There exists a custom Atlas connector for lineage of Spark jobs, developed by Hortonworks, but it seems that the project is no longer actively maintained. There is still a tutorial on how to configure this connector in the Purview docs, but the last supported Spark version is 2.4. To document lineage for other data sources, the only option is to create custom entities via the Atlas API.
To add data sources which are not (yet) supported natively by Azure Purview, you can directly access the Atlas API.
During Microsoft Ignite 2021, a new feature for Purview to provision data access policies for Azure Storage was announced. With this new feature, you can limit access to resources in your Storage Accounts at the folder or file level.
A screenshot in the documentation seems to suggest that you can use the classification attribute of a data resource to specify whether to apply a policy or not, but this feature is not showcased in the corresponding demo video.
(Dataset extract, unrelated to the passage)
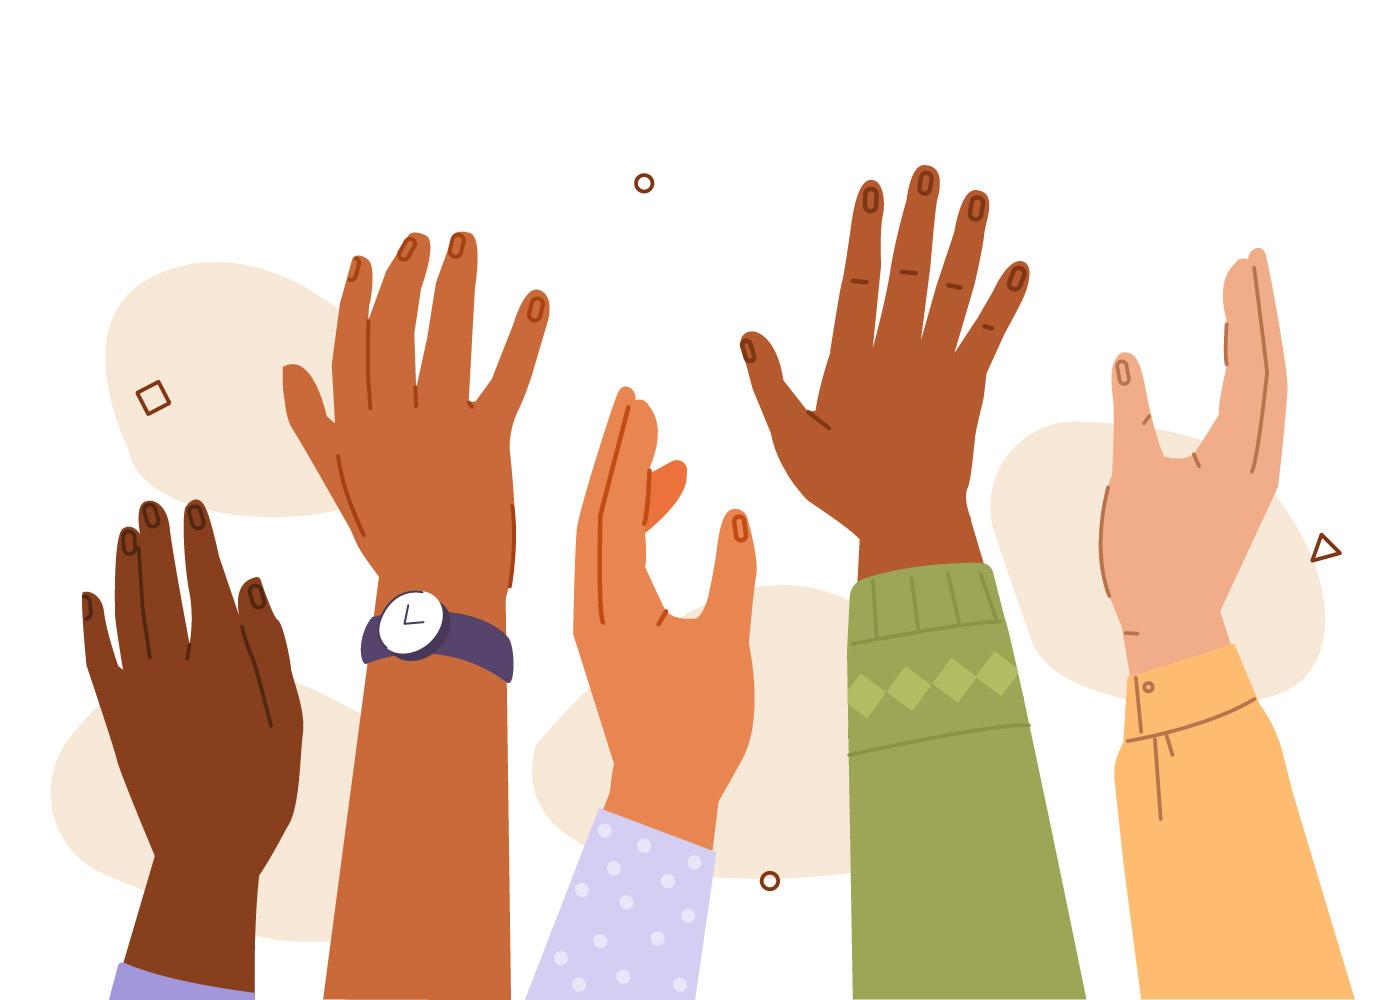 a vector illustration of hands of various skin tones reaching up in the air

The Purview documentation on this new access policy feature also hints at a new feature to manage fine-grained access control on your data assets in Azure Storage: tag-based RBAC roles. While still in preview, this could provide a powerful and more easily manageable alternative to ACLs.
The cost of a Purview account is $0.4/h for infrastructure per 2GB of metadata storage. You pay extra for scanning data sources, wich uses 32 vCores at $0.6 per vCore per hour. If you have partitioned datasets, you can enable the Resoure sets
feature which optimizes storage and search of these partitions at an additional cost.
So on a yearly basis, there is a $3.5k per 2GB of metadata fixed cost plus variable scanning costs. Based on a conservative guess of 1-2h scanning time per day for a moderately sized data lake, the variable costs would add another $7-15k rendering a $10-20k total yearly cost.
Some unstructured thoughts after trying out Purview:
- Data source scans do not produce (column-level) statistics of the discovered datasets, which would be useful to detect data quality issues. You can of course add this metadata by calculating the statistics yourself and add it as an attribute when creating a custom entity, but it would be nice if this was included out of the box with (at least some of) the supported data sources (cfr. LinkedIn's DataHub).
- It is not very practical to write your own data source connector (again, cfr. DataHub). It appears that there is not really a community for custom connectors.
- Signing up to the private preview of the Purview data access policy feature takes a long time to approve (over two weeks, no reply yet).
- Automatic lineage support is quite rudimentary. I would still like to try out the Airflow lineage integration with Apache Atlas.
- You can do a lot of custom things with PyApacheAtlas and the Purview scan REST API, but having a unified Purview SDK would be useful.